Another interesting observation is what happened when my steps in the test have overshot the empirically computed L: they would flip the sign of the weights. Which means that the occasional overshoots are important, without them the signs would stay as they had been initially assigned by the random seeding. Even if we could compute and properly use the right value of L, we might not want to, because we'd lose the sign flips.

Thursday, November 3, 2022

V-shaped activation functions what-ifs

I've noticed that a simulation of the square function with a single neuron plus CORNER (V-shaped) activation function got worse after I've clamped the weights to the range [-1, 1]. It just couldn't produce a sufficient derivative to go to the full slope of the quadratic function, so it defaulted to the same shape as ReLU, going at slope 1 for the whole range of inputs [0, 1]. How about if I increase the allowed range of weights to [-10, 10]? Much better, then it could simulate the bend, producing the total maximum slope of about 1.5. So it looks like being able to go to the higher weights might be useful, just needs to be accompanied by the dynamic computation of L and the training rate from it.

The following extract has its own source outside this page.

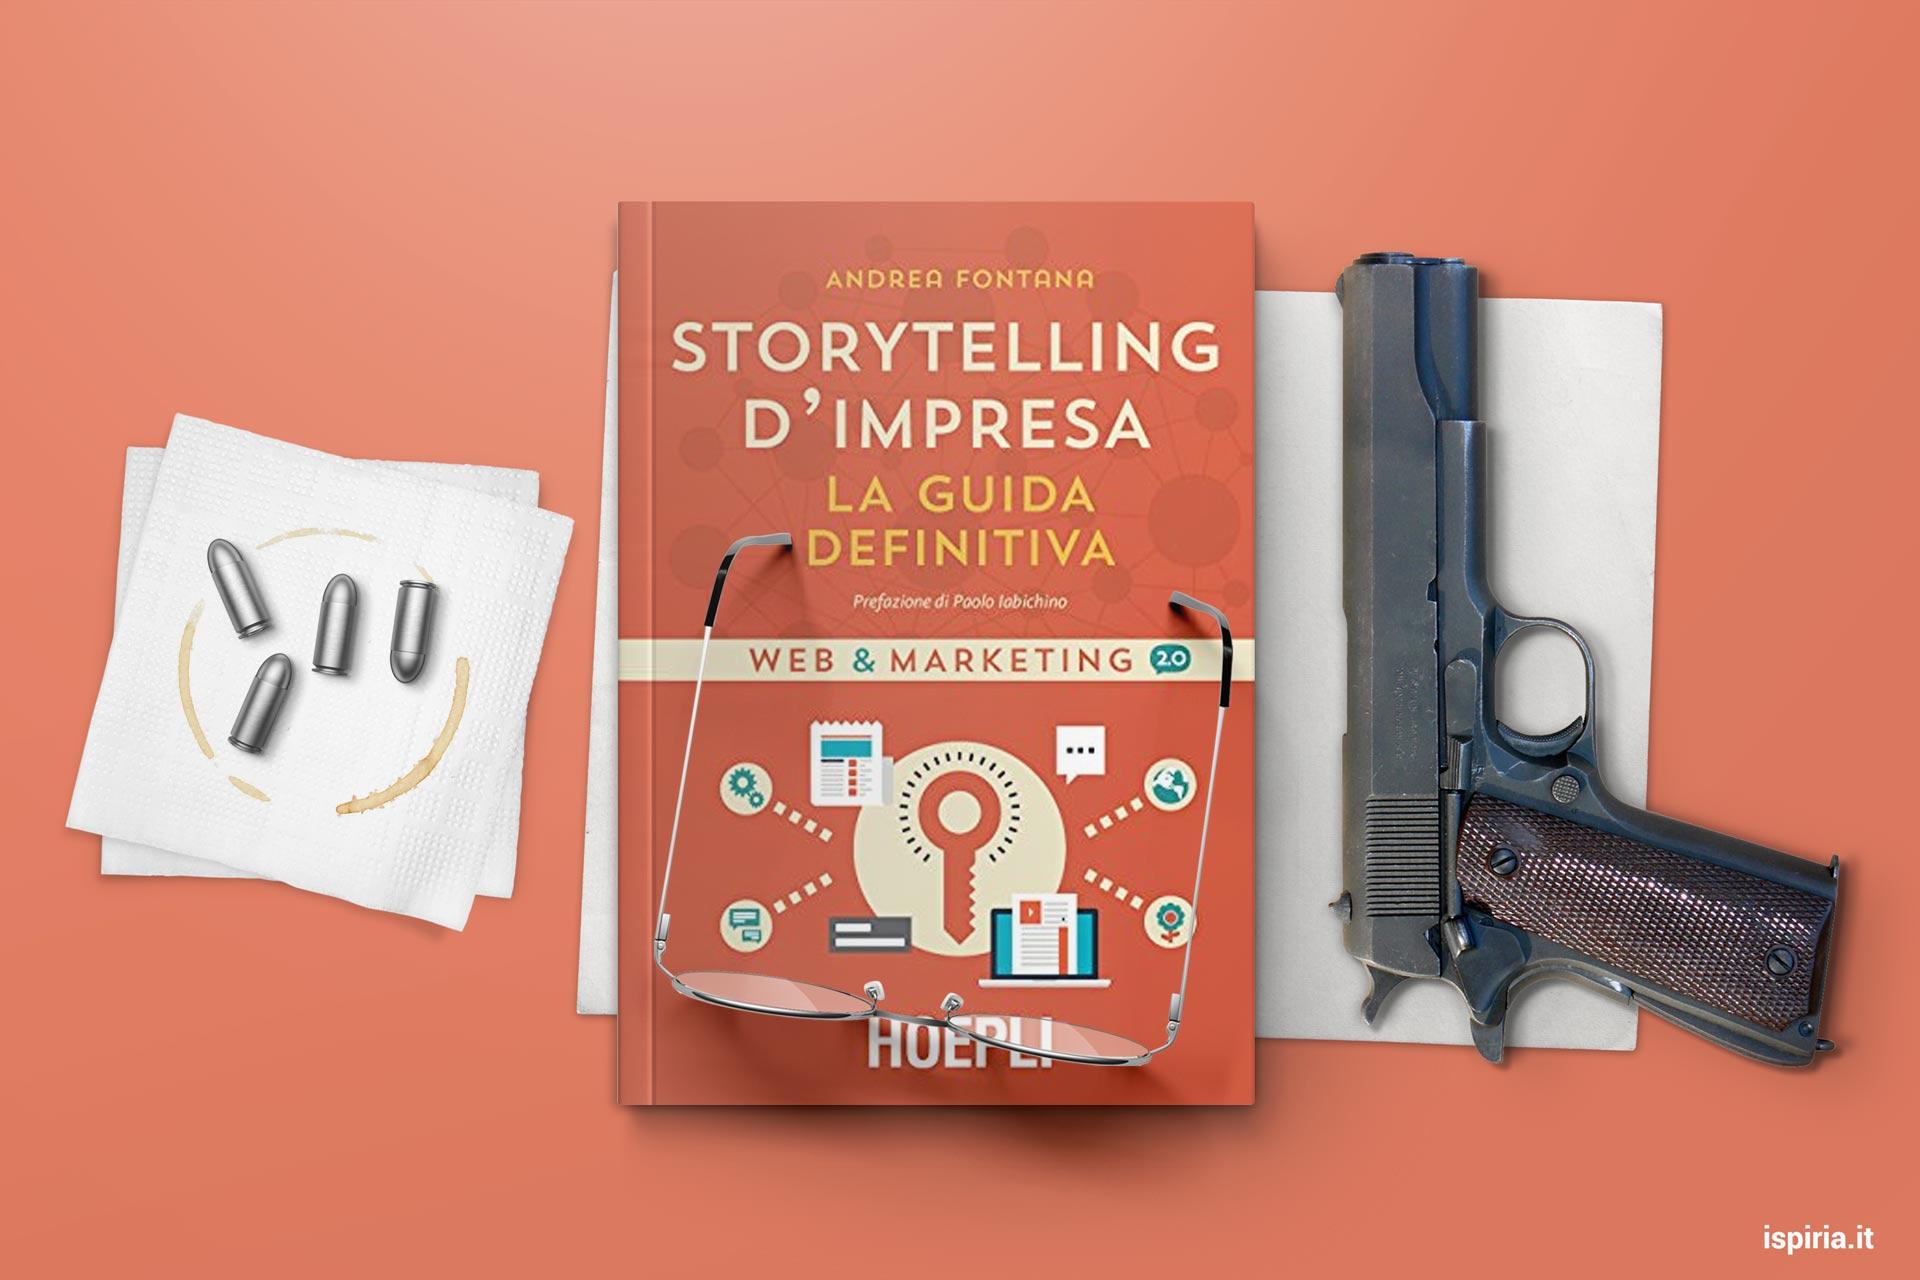 Storytelling-d'impresa-migliori-libro-sullo-storytelling-manuale

Next, it looked like the right-side coefficient of the V can be fixed at 1, since the slope produced by the neuron itself would also work to produce the same effect. As it turns out, this doesn't work well. The trouble happens when the right side needs to change sign. When the right side of the V adjusts, it changes the sign easily. But without that, changing signs in the weights of the neuron itself doesn't work well, it often gets stuck. So this change doesn't work well. It's kind of interesting that when there is one variable, it changes the sign easily, if there are two, they get stuck, but if there are three, they change signs easily again. Though the real reason is probably that two variables are pushing against each other by using each other's weights as gradients, while the third variable doesn't, it just gets driven from the top. So maybe if one of two variables would be just driven from the top, that would prevent two variables from getting stuck too. Will need to think about that.

Next, what if we do a common Leaky ReLU but adjust the offset using the same formula as with the CORNER? (Leaky ReLU has to be used because with plain ReLU the gradients on the left side would be lost, and the computation for he offset won't work). This worked about as bad as normal Leaky ReLU, and maybe even worse, so it's definitely not a solution on its own.

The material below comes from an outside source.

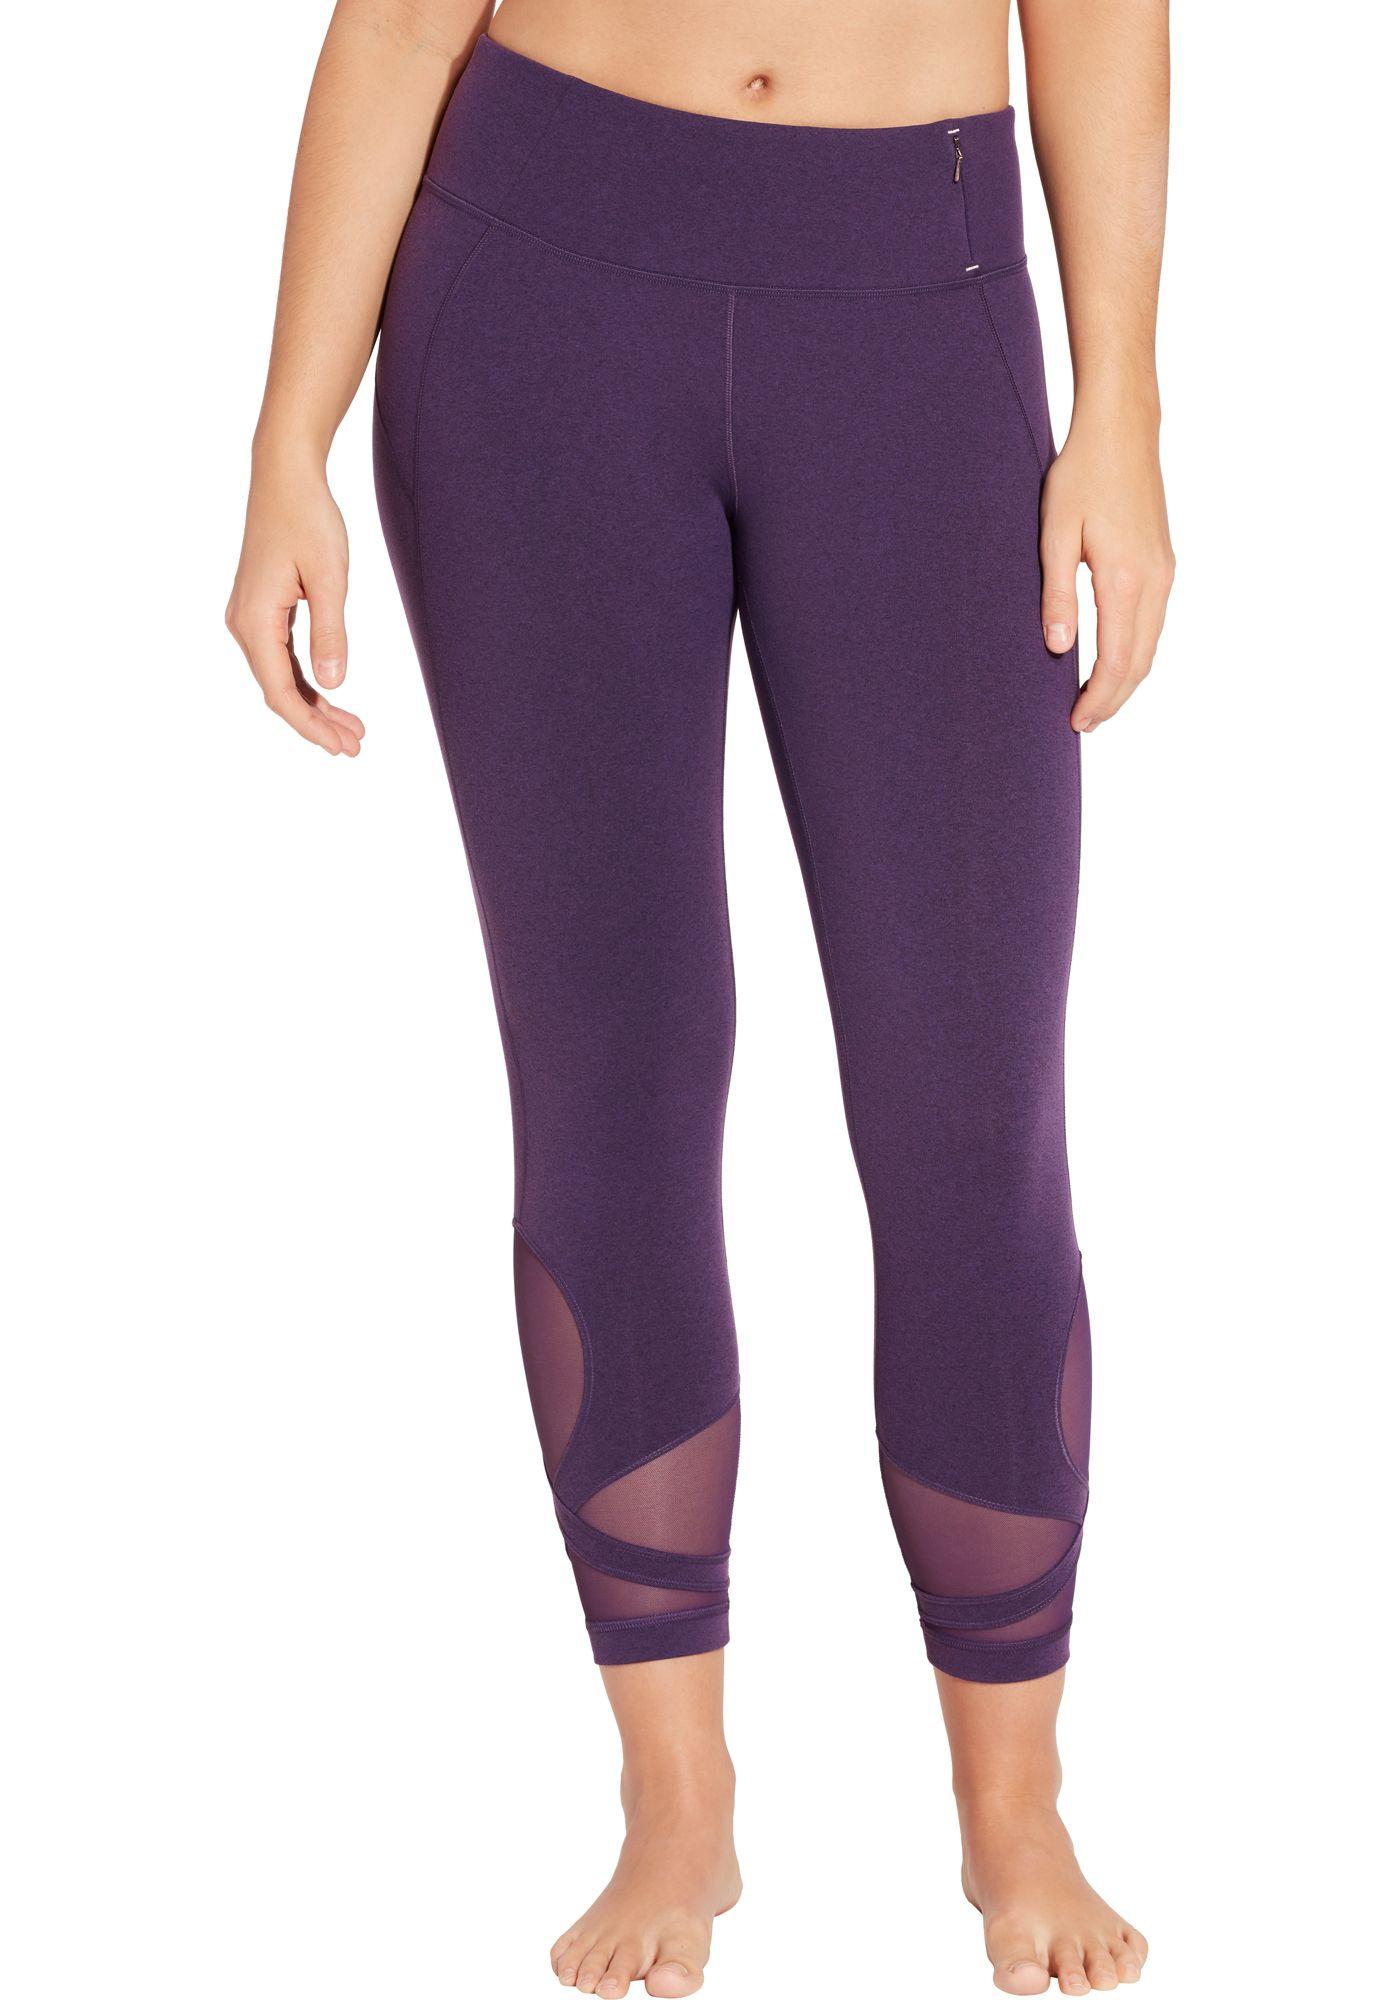 CALIA by Carrie Underwood Women's Essential 7/8 Wrap Leggings

So it looks like the CORNER function does have value. And maybe the right-side coefficient can be rid of if the main neuron weights can be made to change sign more actively, perhaps by making one of them fed the gradient of the top, or by applying the same gradient to them in both ways.

Wednesday, November 2, 2022

demo build target

 My experimental code for FloatNeuralNet has grown kind of large, and it runs kind of slow with valgrind, which interferes with the normal tests. So I've added a new entity in the C++ code: "demo", and moved all the slower experimental examples there. They are just like tests, only sit in the "demo" subdirectories, in the files starting with "d_". The target to build them is "mkdemo", to run without valgrind "demo" or "qdemo", with valgrind "vdemo" (this is different from the tests where the target "test" runs with valgrind).

BTW, the target "mktest" didn't run the library build as a dependency. It does now, in the main cpp directory (but not in the subdirectories). And the same applies to "mkdemo".